Would you set down the complete data below, exactly as shown?

§ **Data extract**:
——————

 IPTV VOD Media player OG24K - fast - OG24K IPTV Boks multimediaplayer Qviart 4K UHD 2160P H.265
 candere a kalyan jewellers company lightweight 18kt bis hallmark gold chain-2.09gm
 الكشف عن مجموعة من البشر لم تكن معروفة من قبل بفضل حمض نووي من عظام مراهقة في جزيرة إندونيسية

——————

§ **Expected output**:
 IPTV VOD Media player OG24K - fast - OG24K IPTV Boks multimediaplayer Qviart 4K UHD 2160P H.265
 candere a kalyan jewellers company lightweight 18kt bis hallmark gold chain-2.09gm
 الكشف عن مجموعة من البشر لم تكن معروفة من قبل بفضل حمض نووي من عظام مراهقة في جزيرة إندونيسية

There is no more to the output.